Awesome
Create-Thin-Section-Labels
Create Labels for Thin Sections for image-segmentation-keras:
This repository is meant to document the steps being employed to create a labeled Thin Section image for the image segmentation using Keras per Divam Gupta's GitHub repository.
Objective
The objective of this repository is to label different types of grains or blue dye epoxy (which represents visual porosity) observed in clastic petrographic thin sections of rock samples. The following image is an example of a typical clastic rock thin section and the histogram of the pixel values:
Load Image
We read in the original Thin Section image and create a Numpy array.
TS_Im = Image.open(img)
data = np.array(TS_Im)
Convert to Gray-Level Image
We then convert the color image to a gray-level image using the following code:
gradient = gaussian(rgb2gray(data))
using skimage filter gaussian (or median) filters and skimage rgb2gray.
The following is an example of the gray-level image and histogram of these data scaled 0 to 1.
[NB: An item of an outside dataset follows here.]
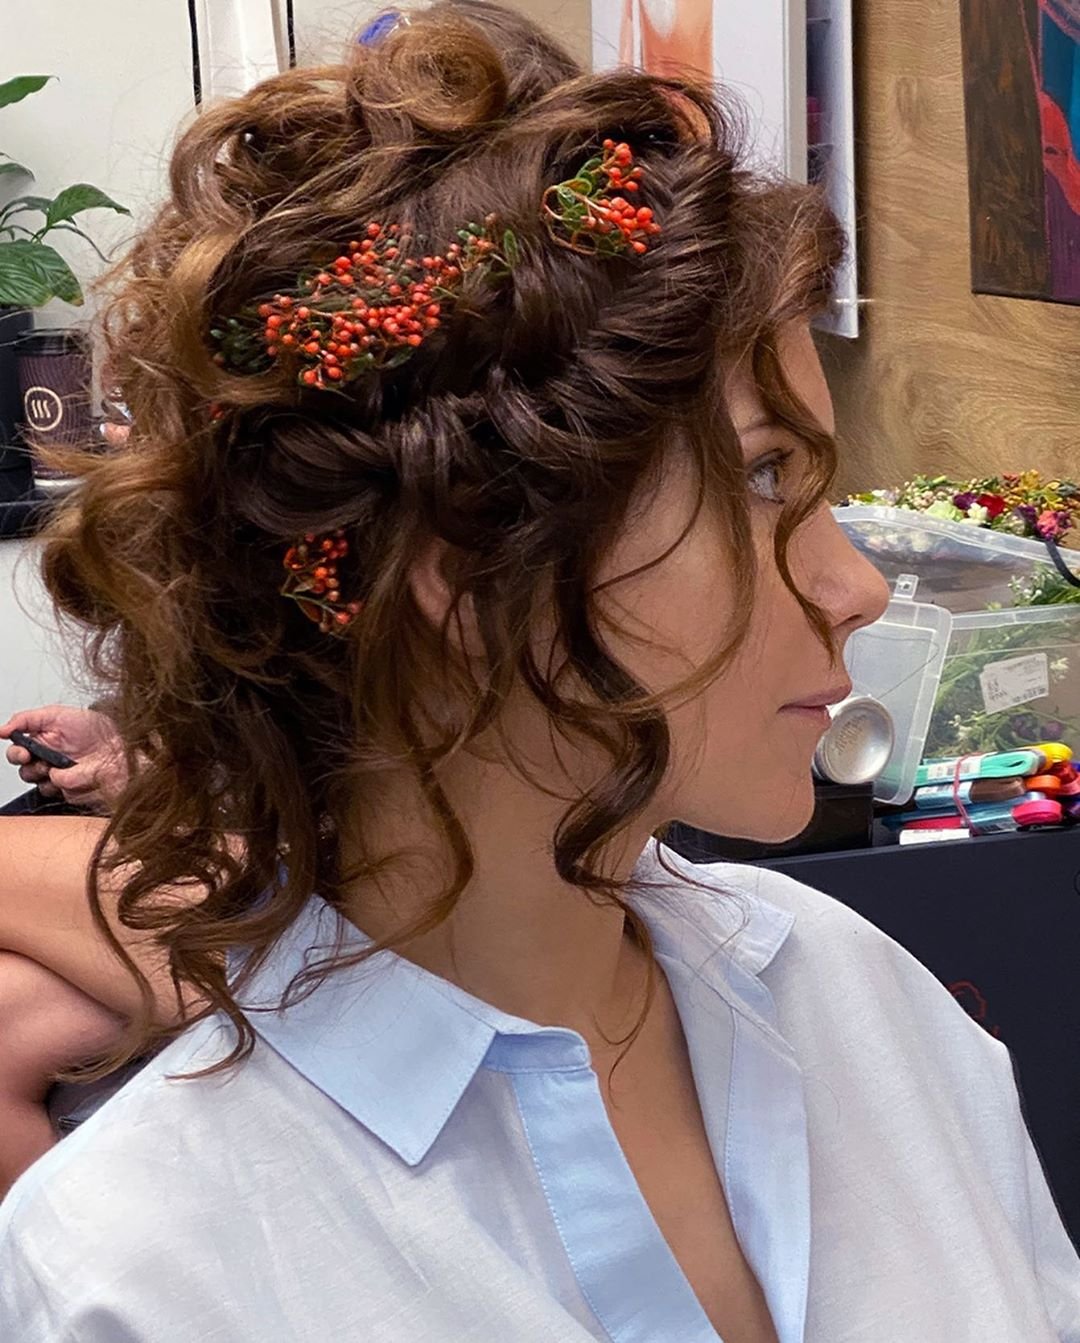 Екатерина Климова показала причёску с веточками рябины в волосах

Partition Gray-Level Image to Create Labeled Images
We then partition the gray-level image data into different bins which will serve as our labels:
label = np.zeros(gradient.shape )
label[gradient < 0.25] = 1 #black grains
label[gradient > 0.25] = 2 #darker grains
label[gradient > 0.4] = 3 #blue-dye epoxy or visual porosity
label[gradient > 0.6] = 4 #darker grains
label[gradient > 0.75] = 5 #bright quartz grains
Per the advice of Divam Gupta we are scaling our label images from 0 to n_classes to create the 5 labels that represent the various segments in our Thin Section images. We use the python program "review_images_Create_Labels_n_classes.py" to create these labels scaled from 0 to n_classes. These are the type of labeled images that were used for the annotated labels for our image segmentation training data.
The histogram verifies that we have 5 labels in our saved label images.
Interactive Program to Display Pixel Values of Labels
There is another python program that should be driven from the xterm command line using "python interactive_plot.py" as the command.
This program will create an interactive display of the 3.png image to display the pixel values of the labeled image. This tool can be used to confirm, optimize the label cutoffs used in segmental thresholding and ensure that these segment values are well understood.